Task: Restate the whole listing below word for word and keep the images out.

Information supplied:
====================

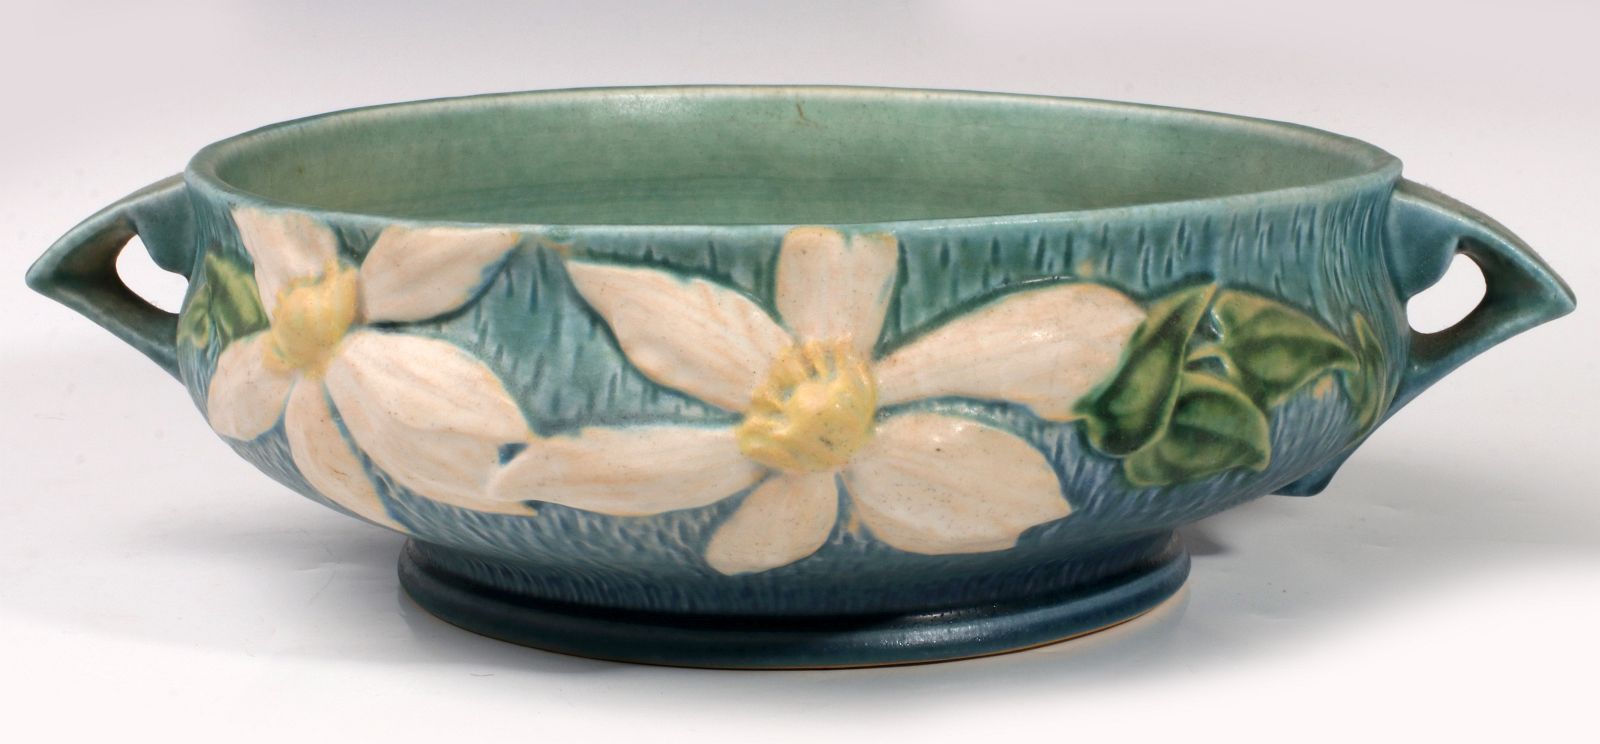 A ROSEVILLE 'CLEMATIS' ART POTTERY CONSOLE BOWL
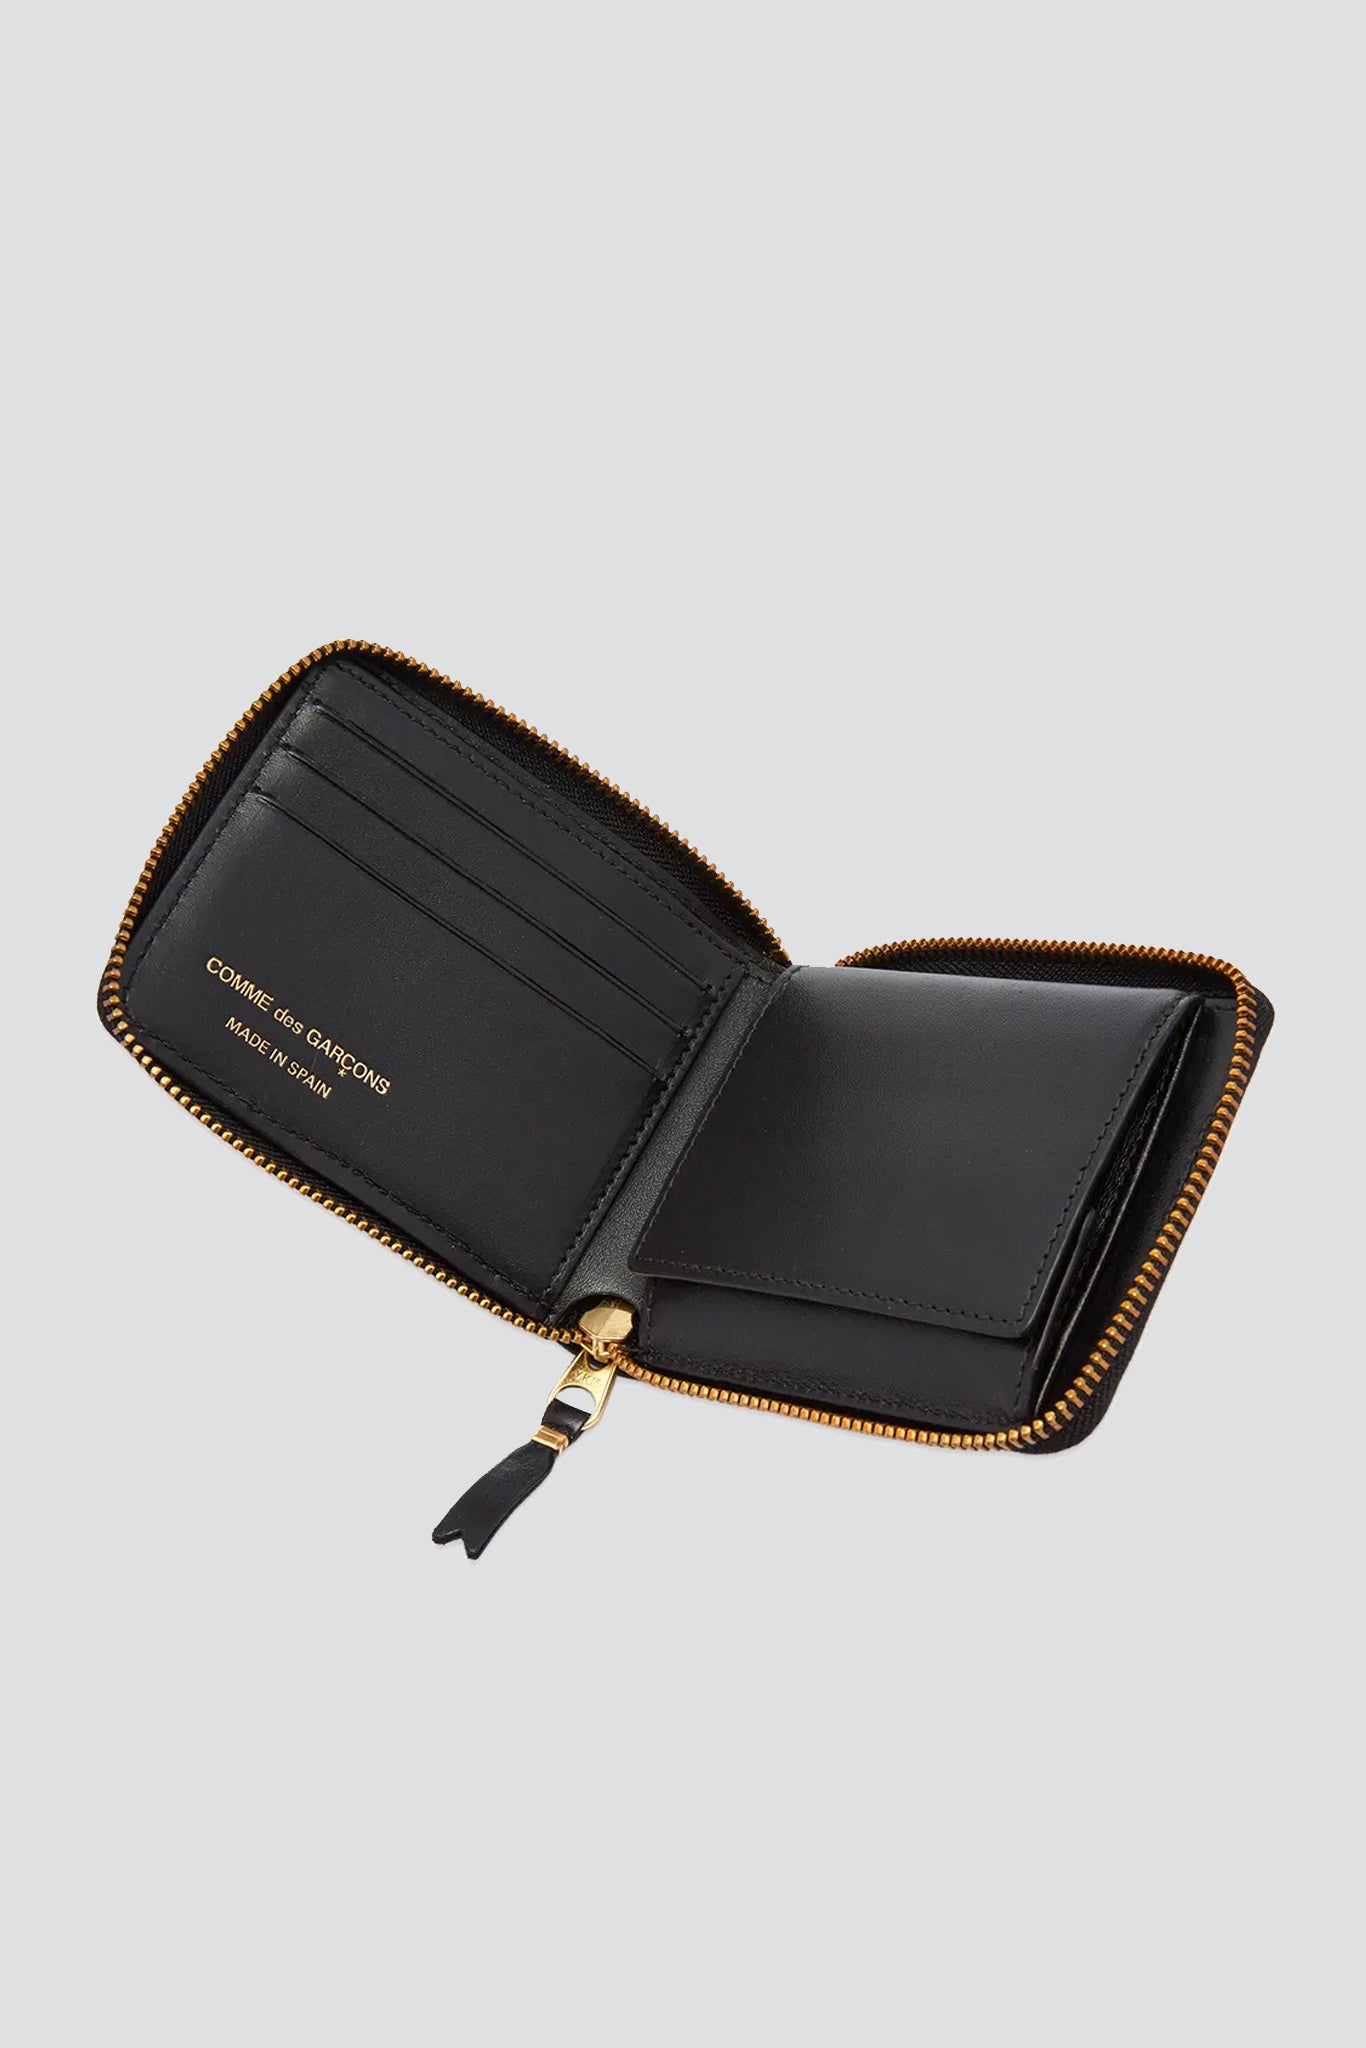 Classic Leather Wallet - Black - SA7100
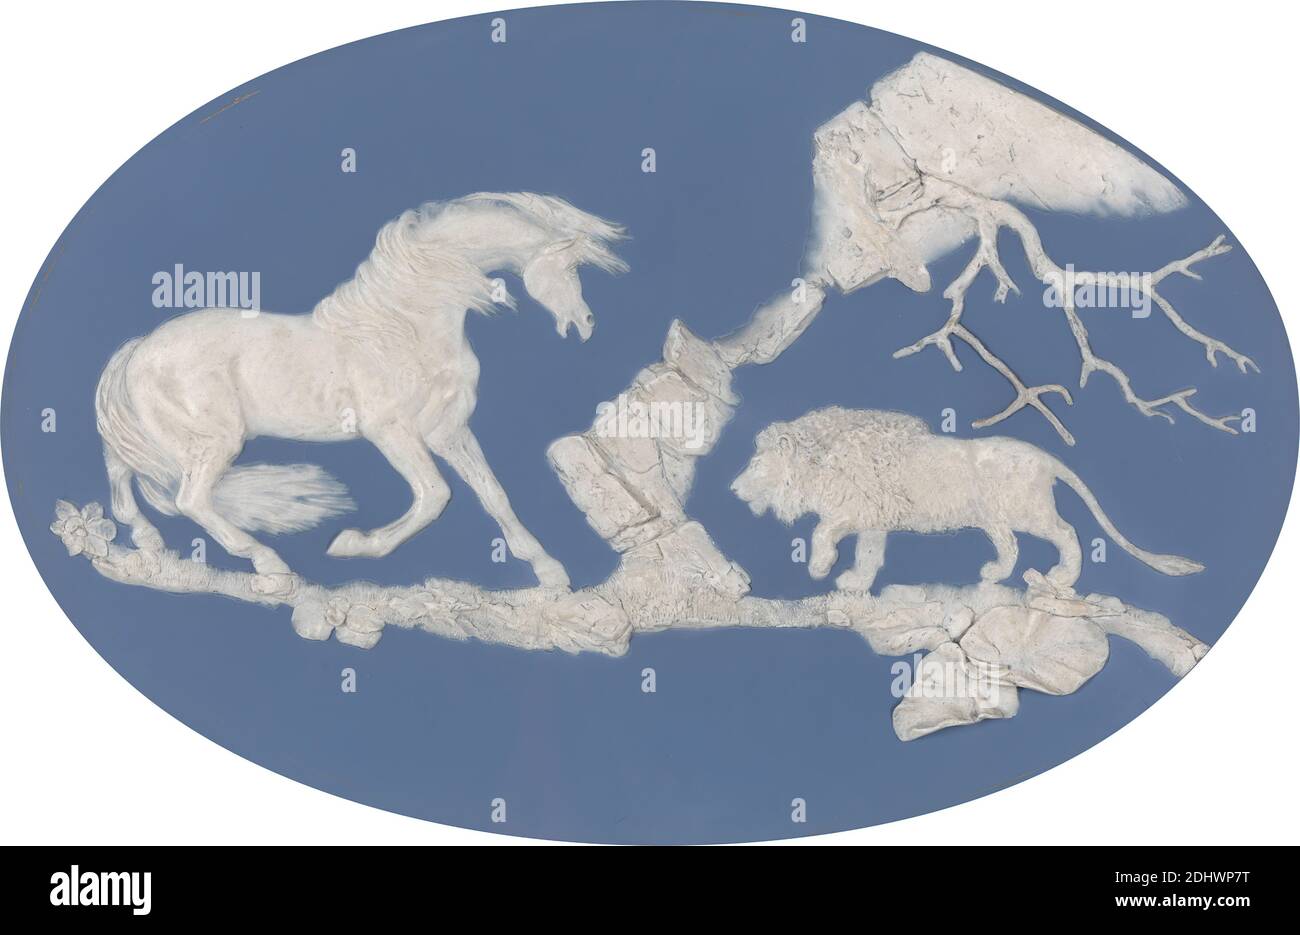 Horse Frightened by a Lion (Episode A), Josiah Wedgwood, 1730–1795, British, and Thomas Bentley, 1731–1780, British, after George Stubbs, 1724–1806, British, modeled 1780, Solid blue jasper with white relief, shallow oval, Image: 10 × 16 inches (25.4 × 40.6 cm) and Overall: 15 × 20 1/2 × 2 3/4 inches (38.1 × 52.1 × 7 cm), animal art, blue, fear, horse (animal), lion, oval, rocks (landforms), white Stock Photo
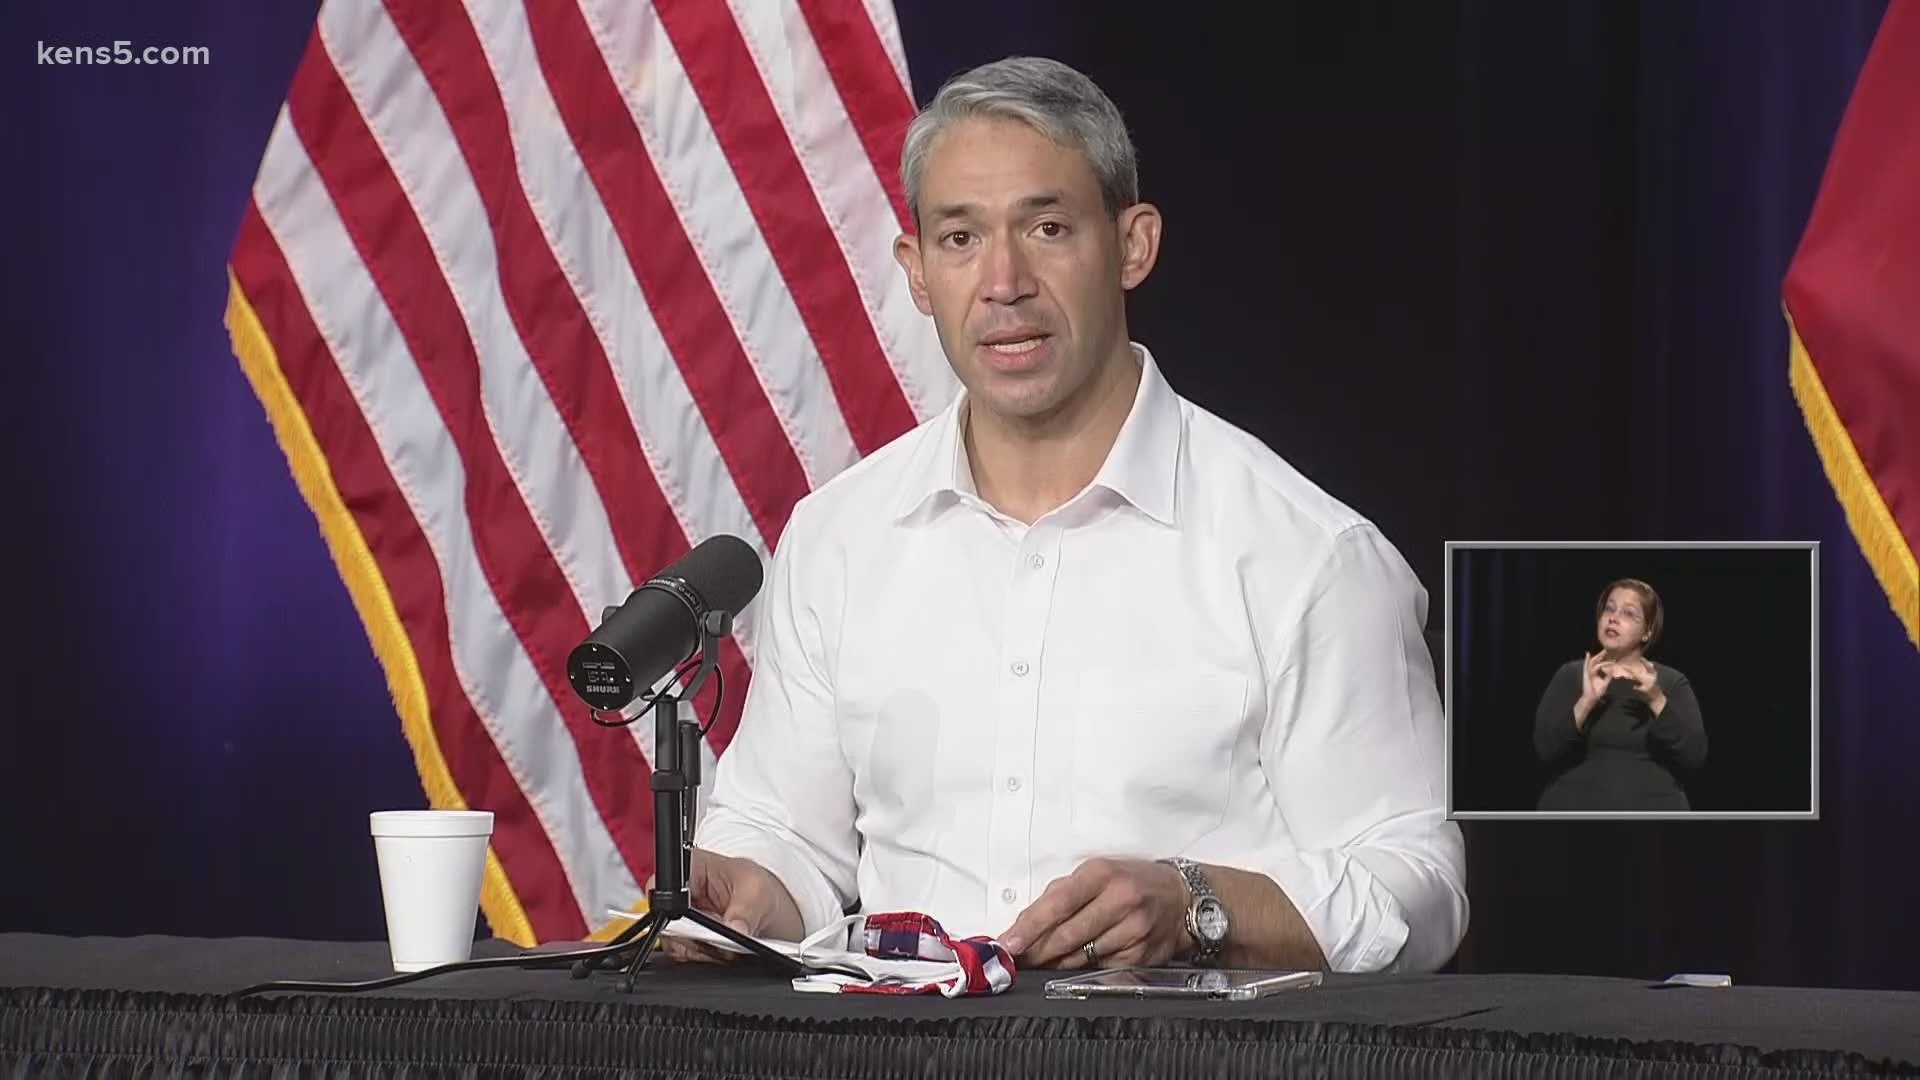 Mayor Nirenberg reported 551 new cases and 12 additional deaths on Tuesday.

====================

Your solution:
 A ROSEVILLE 'CLEMATIS' ART POTTERY CONSOLE BOWL
 Classic Leather Wallet - Black - SA7100
 Horse Frightened by a Lion (Episode A), Josiah Wedgwood, 1730–1795, British, and Thomas Bentley, 1731–1780, British, after George Stubbs, 1724–1806, British, modeled 1780, Solid blue jasper with white relief, shallow oval, Image: 10 × 16 inches (25.4 × 40.6 cm) and Overall: 15 × 20 1/2 × 2 3/4 inches (38.1 × 52.1 × 7 cm), animal art, blue, fear, horse (animal), lion, oval, rocks (landforms), white Stock Photo
 Mayor Nirenberg reported 551 new cases and 12 additional deaths on Tuesday.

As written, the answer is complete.